【御霊前】お金の入れ方決定版!お札の向きと新札マナーの正解とは
突然の訃報を受け、急ぎ準備を進める中で多くの人が頭を悩ませるのが「香典(不祝儀)の包み方」です。特に「御霊前」と書かれた袋へのお金の入れ方は、お札の向きや肖像画の位置、新札の扱いなど、慶事(お祝い事)とは正反対の厳格な作法が存在します。
マナーを知らないまま適当にお札を収めてしまうと、遺族に対して失礼にあたるばかりか、常識を疑われかねません。本稿では、葬儀や通夜の場にふさわしい御霊前のお金の入れ方の決定版ルールを、宗教ごとの違いや金額相場、袱紗(ふくさ)の扱い方まで網羅して解説します。
📌 【この記事の重要ポイントまとめ】
- 要点1:お札は「肖像画を裏面・下側」に向けて入れ、顔を伏せて悲しみに暮れる心情を表現する。
- 要点2:新札(ピン札)は「あらかじめ不幸を予期していた」とされるため、軽く一度折り目をつけてから包む。
- 要点3:外袋の折り返しは「上側を下に被せる」のが鉄則であり、宗派(特に浄土真宗)による表書きの違いにも注意を払う。

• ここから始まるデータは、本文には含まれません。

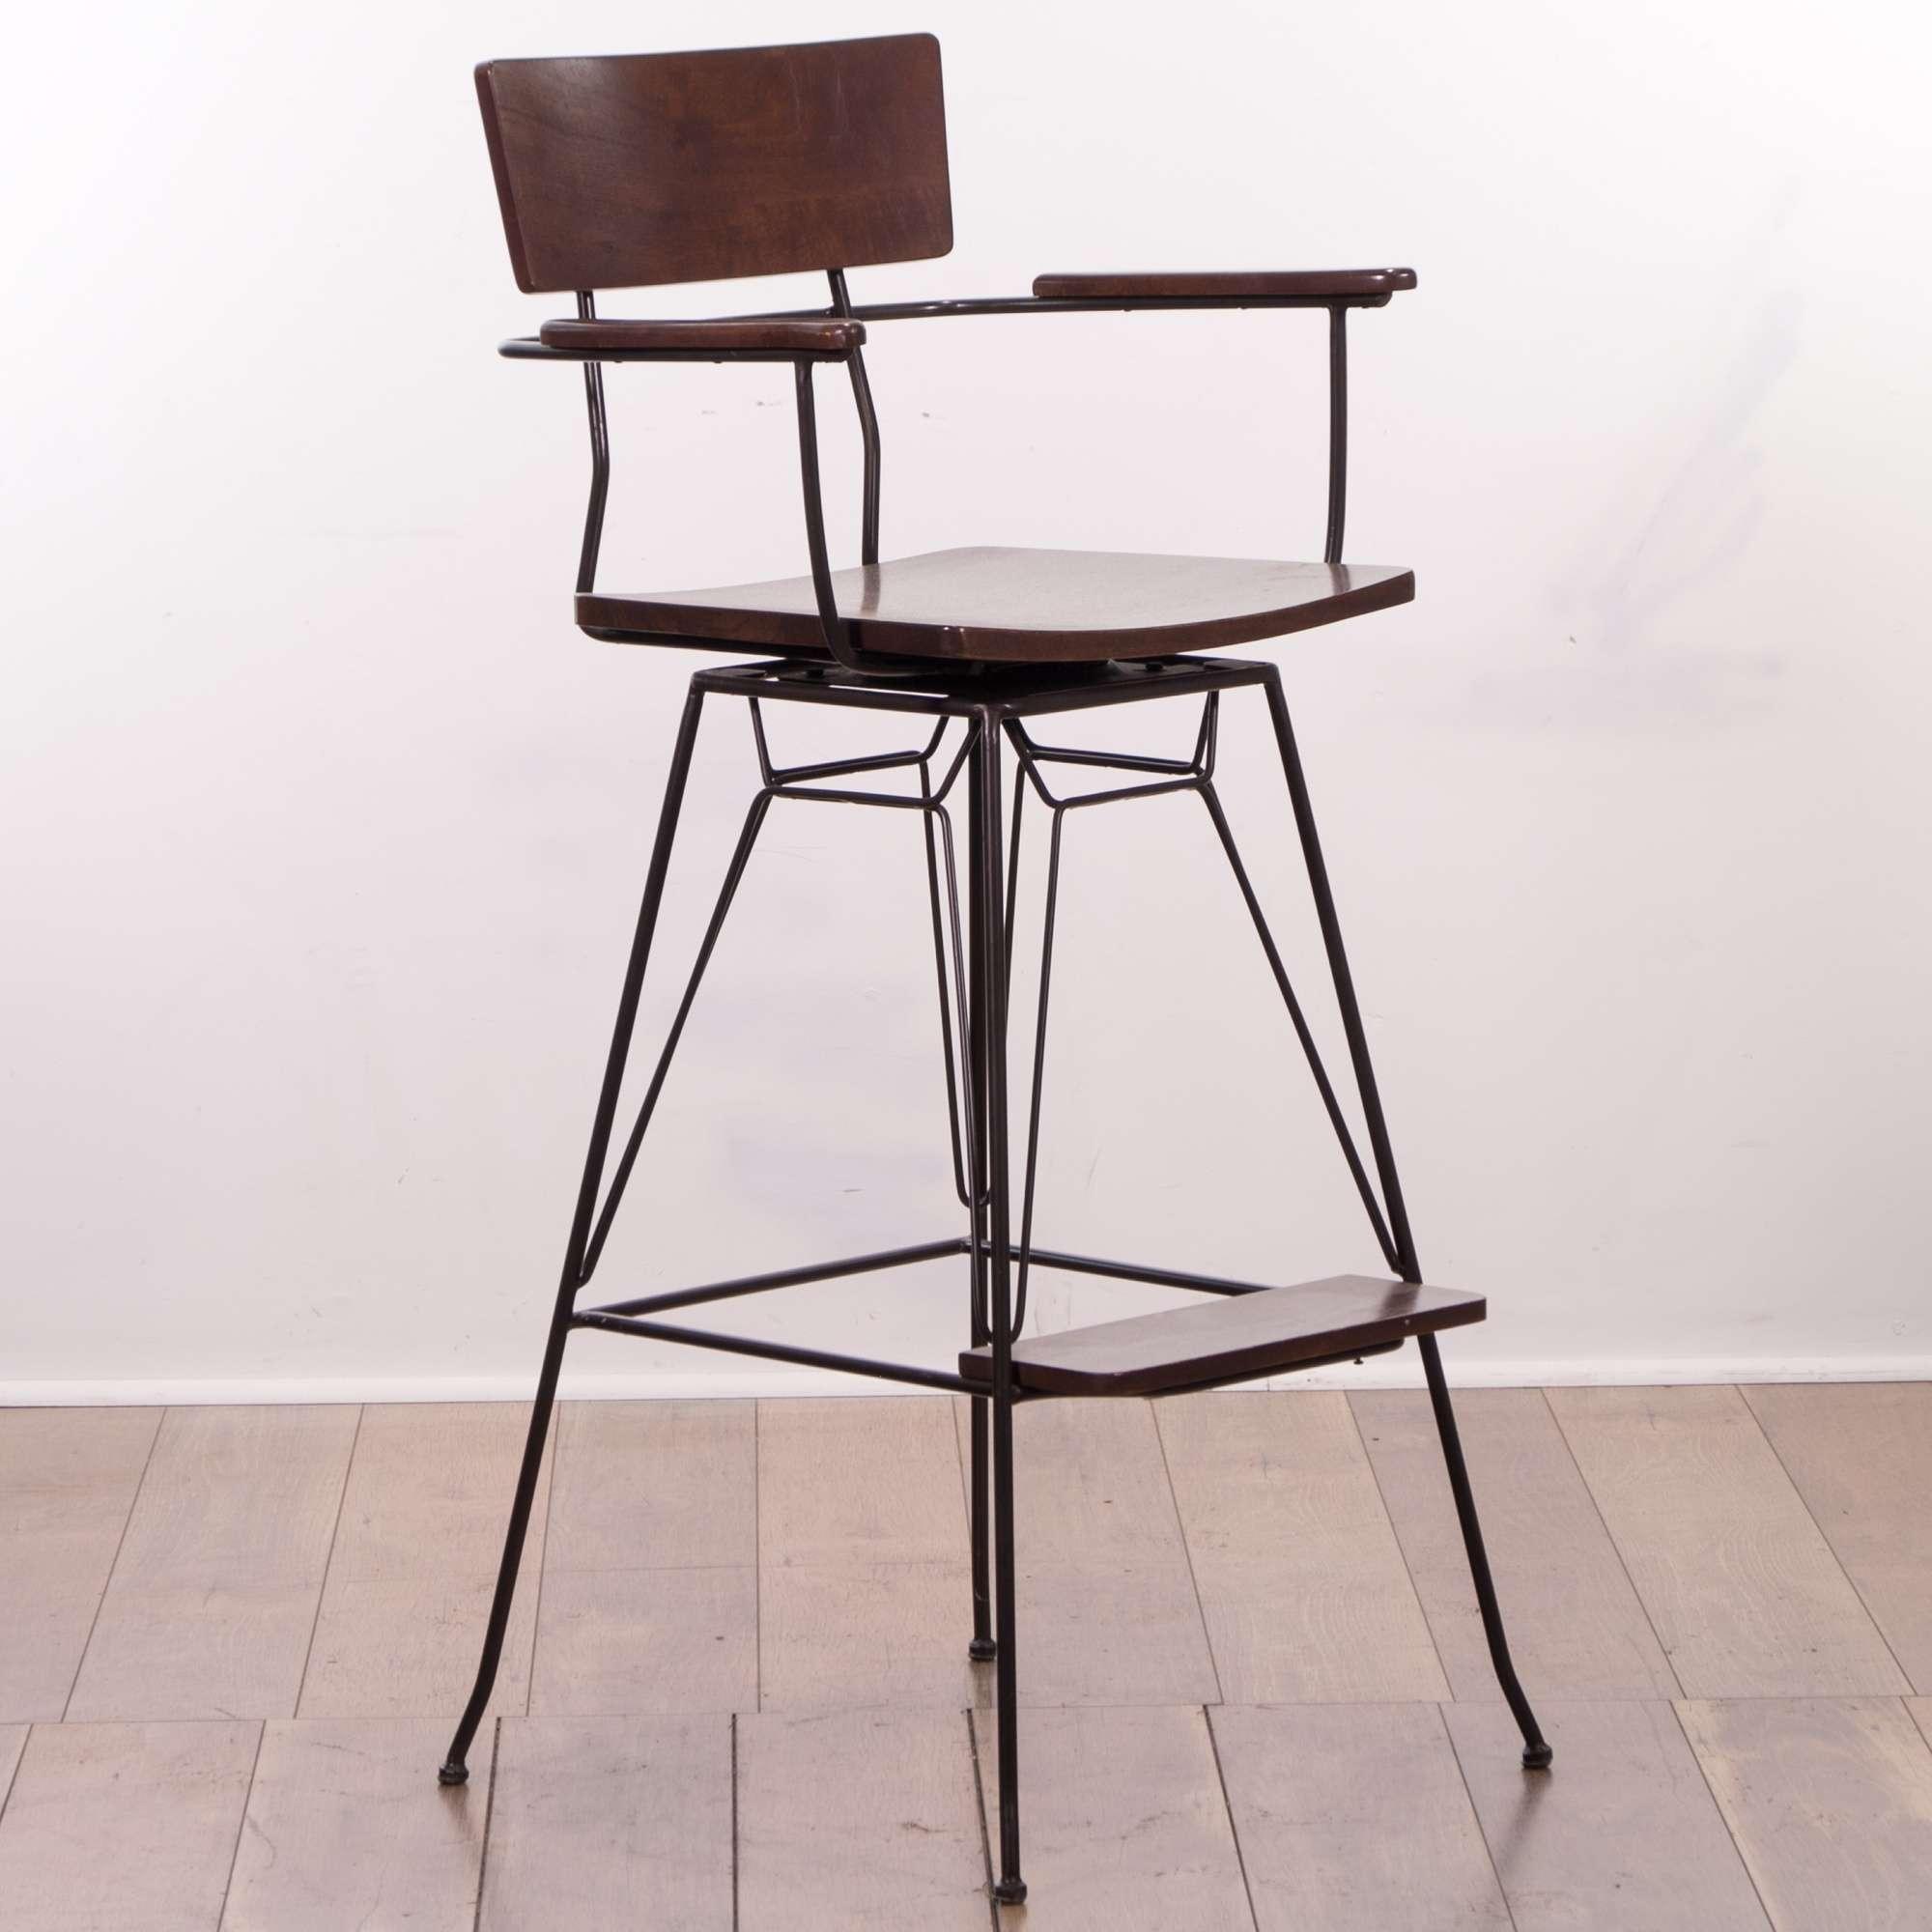 Marvelous 1940S Style Industrial Metal Frame Bar Stool Loveseat Cjindustries Chair Design For Home Cjindustriesco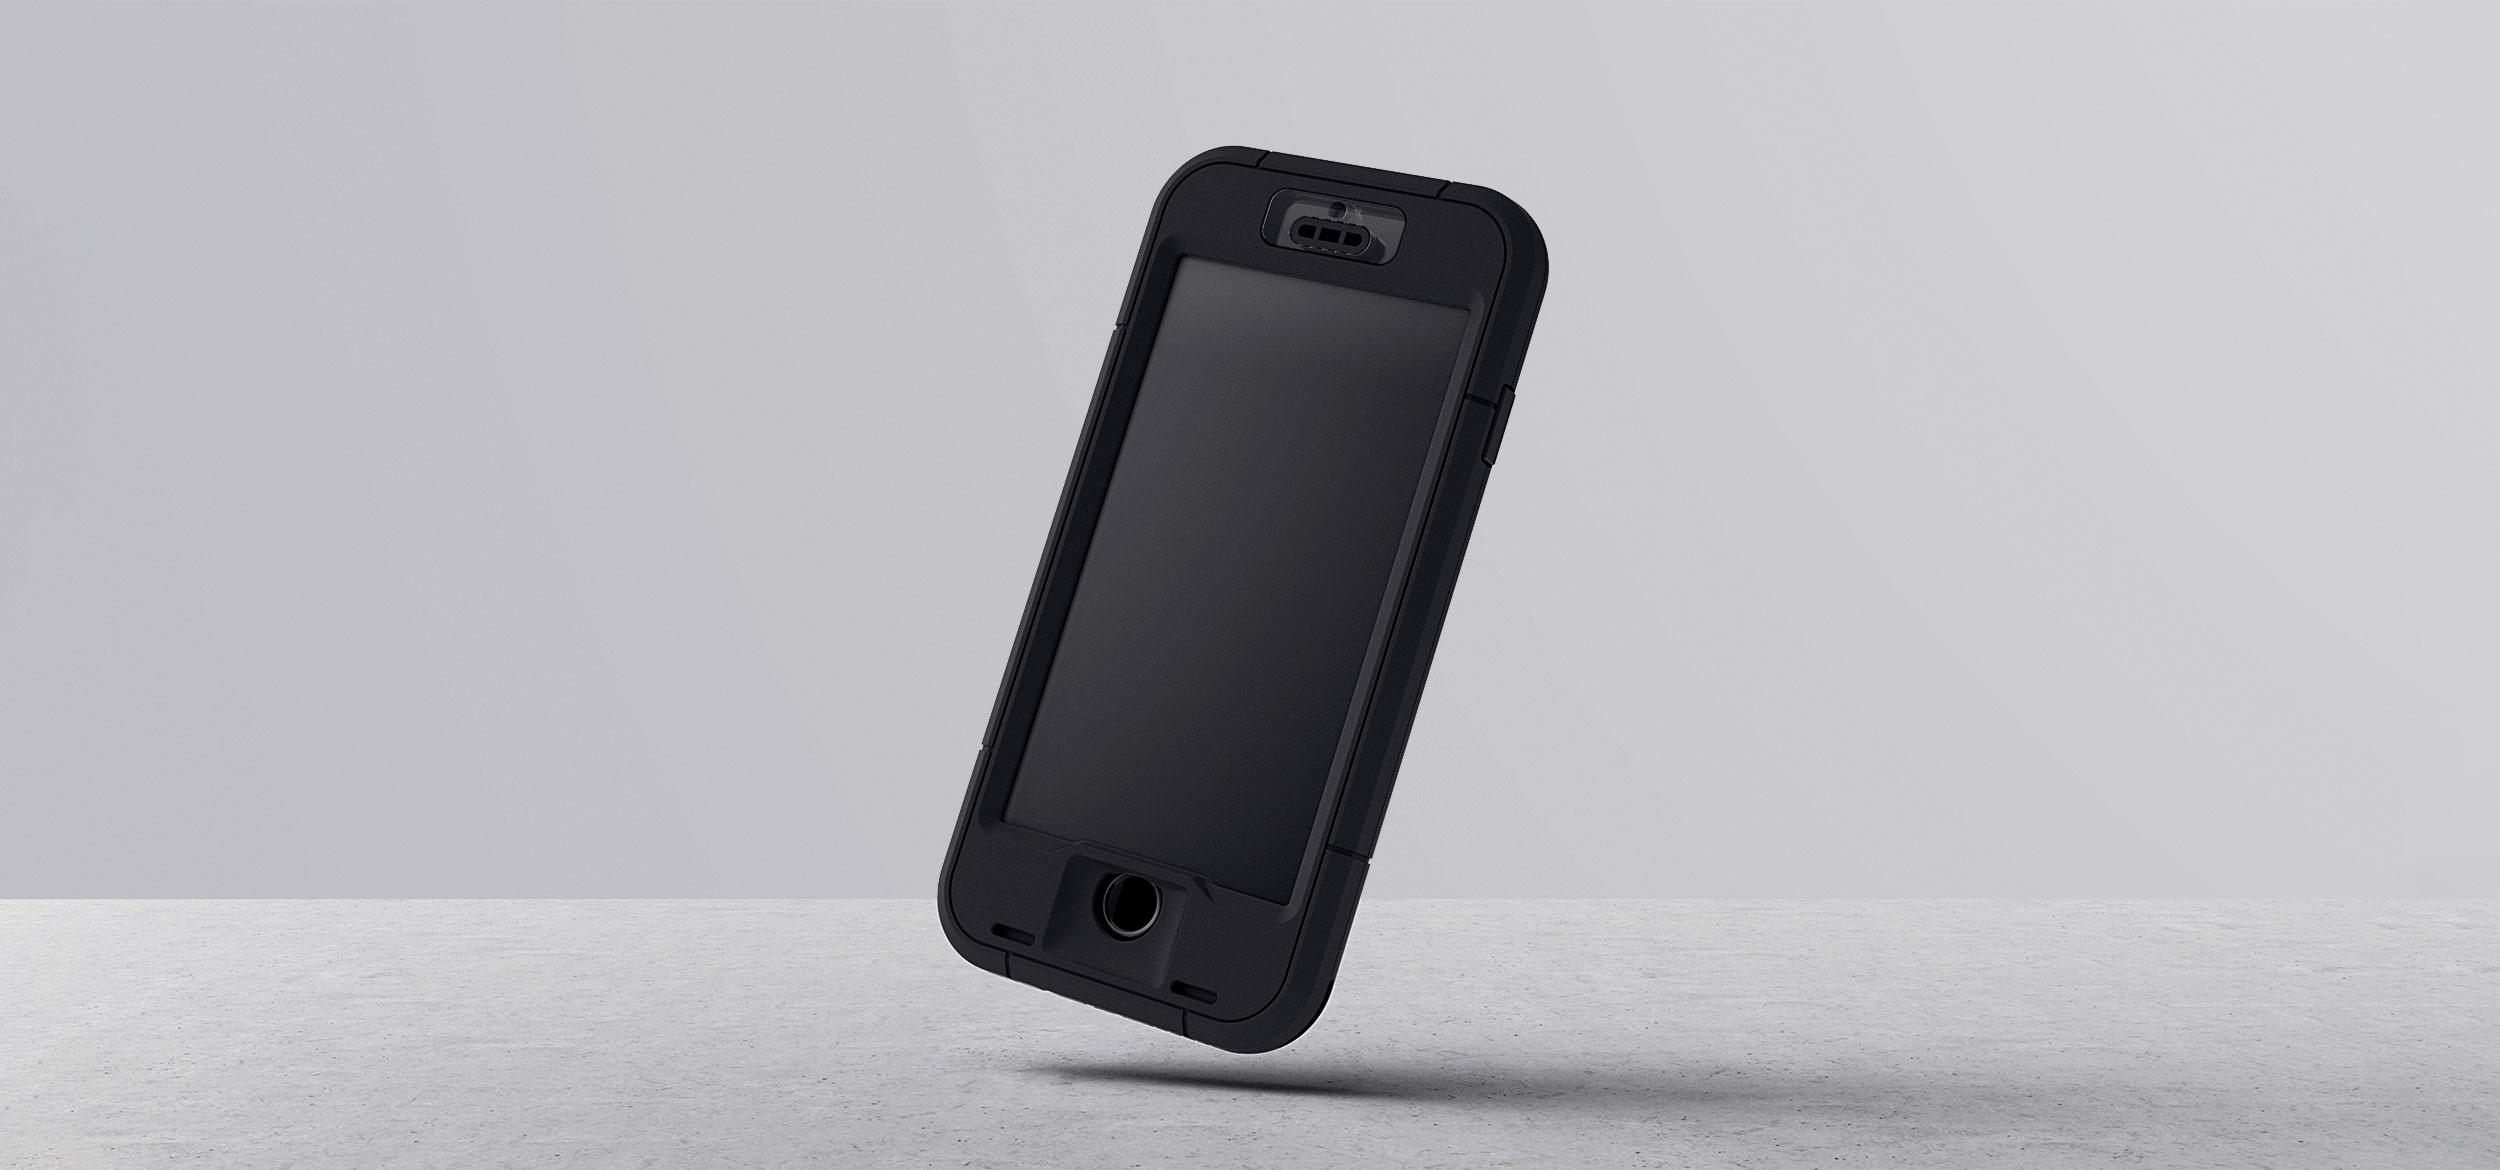 Dog & Bone Wetsuit Waterproof iPhone Case

【決定版】御霊前におけるお札の向きと肖像画の位置|裏表の基本ルール
香典袋(不祝儀袋)にお金を収める際、最も注意すべきなのが不祝儀袋のお札の入れ方(裏表と天地の向き)です。慶事のご祝儀では「肖像画を表・上」にして喜びを表しますが、弔事の御霊前ではその反対となります。
基本のルールは、「お札の肖像画が裏側(中袋の裏面側)を向き、かつ肖像画が封筒の底側(下)に位置する」ように入れることです。これには「悲しみに顔を伏せる」「突然の悲報に驚き、お札を表立って見せない」という弔意が込められています。
複数枚のお札を入れる場合は、必ずすべてのお札の向きを同一に揃えてください。1万円札と千円札が混在する場合でも、すべての肖像画の位置と裏表を完全に一致させてから中袋へ滑り込ませるのが礼儀です。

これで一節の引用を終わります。